[CCoE Notice] Zoom Webinar: REMOVAL OF BACTERIA AND VIRUSES BY MEMBRANES CONTAINING SINGLE-WALLED CARBON NANOTUBE-POLYMER NANOCOMPOSITES * Online * 10:30 am, Friday, April 17, 2020 * Debora F. Rodrigues * University of Houston *
Knudsen, Rachel W
riward at Central.UH.EDU
Mon Apr 13 12:44:41 CDT 2020
***** Seminar *****
Department of Electrical and Computer Engineering
Materials Engineering Program
Center for Integrated Bio and Nano Systems
10:30 a.m., April 17, 2020
Join Zoom Meeting
https://zoom.us/j/845619943?pwd=QlZvYUV6M2dxNDkvNWxBd3F2YzdJZz09
Meeting ID: 845 619 943
Password: 016104
REMOVAL OF BACTERIA AND VIRUSES BY MEMBRANES CONTAINING SINGLE-WALLED CARBON NANOTUBE-POLYMER NANOCOMPOSITES
Debora F. Rodrigues
Department of Civil and Environmental engineering
The University of Houston
Abstract:. Nanotechnology has the potential to create new materials and devices with wide-ranging applications in medicine, electronics, and energy production. Carbon-based nanomaterials, such as single-walled carbon nanotubes, graphene, and graphene oxide, have unique antimicrobial, physical, chemical, electrical, optical and mechanical properties that make them very valuable materials for materials science, high-energy physics, and a wide range of technological applications, such as biosensing, solar cells, and bioelectronics. Besides the pure form of carbon-based nanomaterials, there has also been high interest in utilizing these carbon-based nanomaterials with industrial polymer and resin coatings for barrier protection, thin films for biosensors and biomedical devices, semiconductor packaging, anti-corrosion coatings, hospital equipment, and food packaging.

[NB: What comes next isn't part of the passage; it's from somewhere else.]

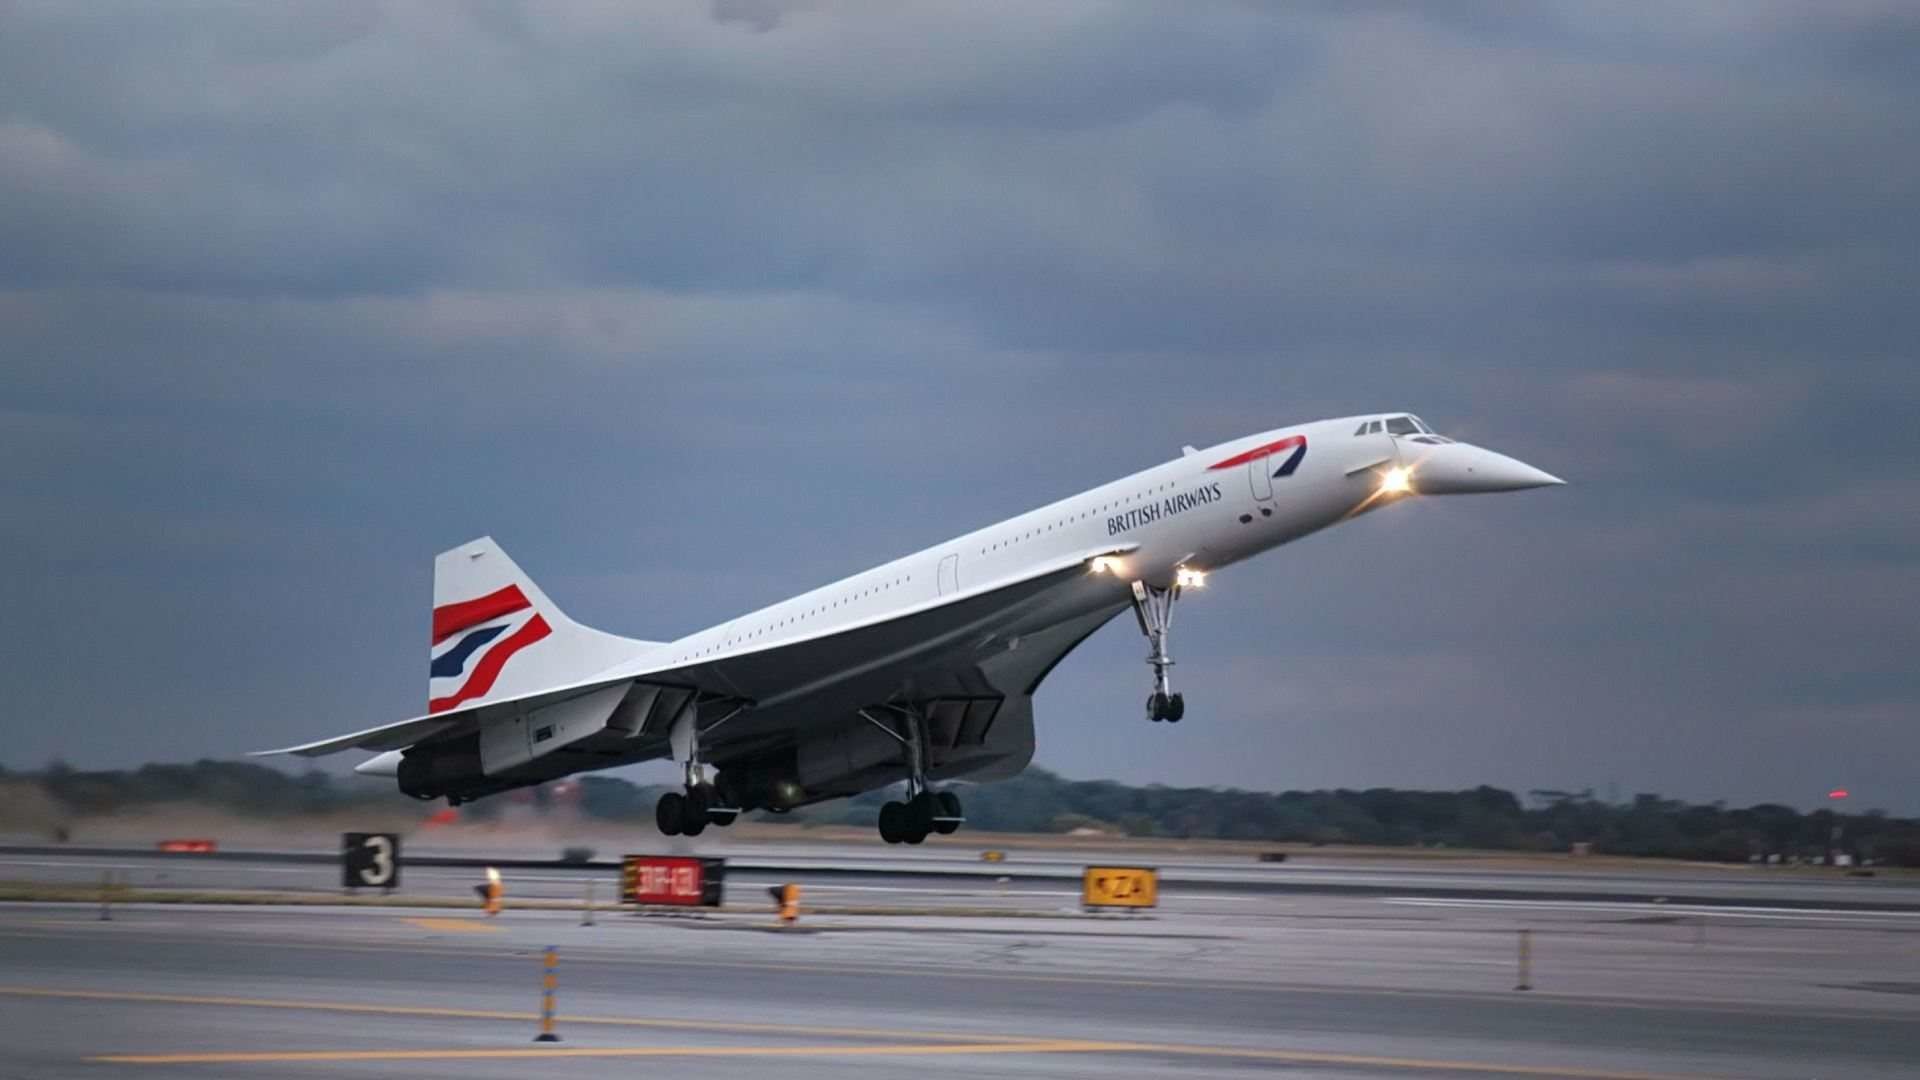 1920x1080 Top Wallpapers 2016: Concorde Wallpapers, Awesome Concorde .

This interest arises as a result of the improved antimicrobial performance and new added properties of the nanomaterial in the nanocomposite form as compared to their individual constituents, such as lower life-cycle cost, design flexibility, and applicability for large-scale fabrication. My research group has been successfully incorporating carbon-based nanomaterials (e.g. graphene, graphene oxide, and single-walled carbon nanotubes) in the polymer polyvinyl-N-carbazole (PVK) to develop advanced functional materials for different environmental engineering applications, including bacterial and viruses removal. The PVK polymer was selected to generate carbon-based nanocomposites since it has exceptional electronic and mechanical properties, anti-corrosion capability, ease of processibility, and thin film fabrication via electrochemical methods. Furthermore, PVK can be readily used as a nanomaterial dispersant, since PVK forms a stacking interaction with carbon based nanomaterials through the carbazole group, which stabilizes the dispersion of the nanomaterials in any solution chemistry and creates a conducting polymer network (CPN). The unique property of the PVK polymer combined with the antimicrobial property of carbon-based nanomaterials was explored by my research group to modify membranes to effectively inactivate and remove virus and bacteria from water.
[cid:image003.png at 01D6118A.375AE0B0]Short Bio: Debora F. Rodrigues is currently an Associate Professor at the University of Houston in the department of Civil and Environmental engineering with a joint appointment with the Materials Science & Engineering. Dr. Rodrigues received her BS and MS in Biology & Microbiology, from the University of Sao Paulo, Brazil, and her PhD in Microbiology and Molecular Genetics at Michigan State University. She was a postdoctoral associate in the Environmental Engineering Program at Yale University from 2007 to 2010. Dr. Rodrigues has authored more than 70 peer-reviewed journal articles in the field of environmental microbiology, microbial ecology and environmental engineering with more than 4300 citations. She has received funds from diverse federal agencies (Department of Interior, NIFA-USDA, NSF, NASA, DOE) pertaining to water quality and sustainability, including the NSF Career award. She has combined the knowledge and skills obtained in her Ph.D. study at Michigan State University on microbiology & molecular genetics and three years of postdoctoral research at Yale University in the Chemical Engineering Department to better understand and protect water ecosystems, and also to develop sustainable filtration methods to improve water quality.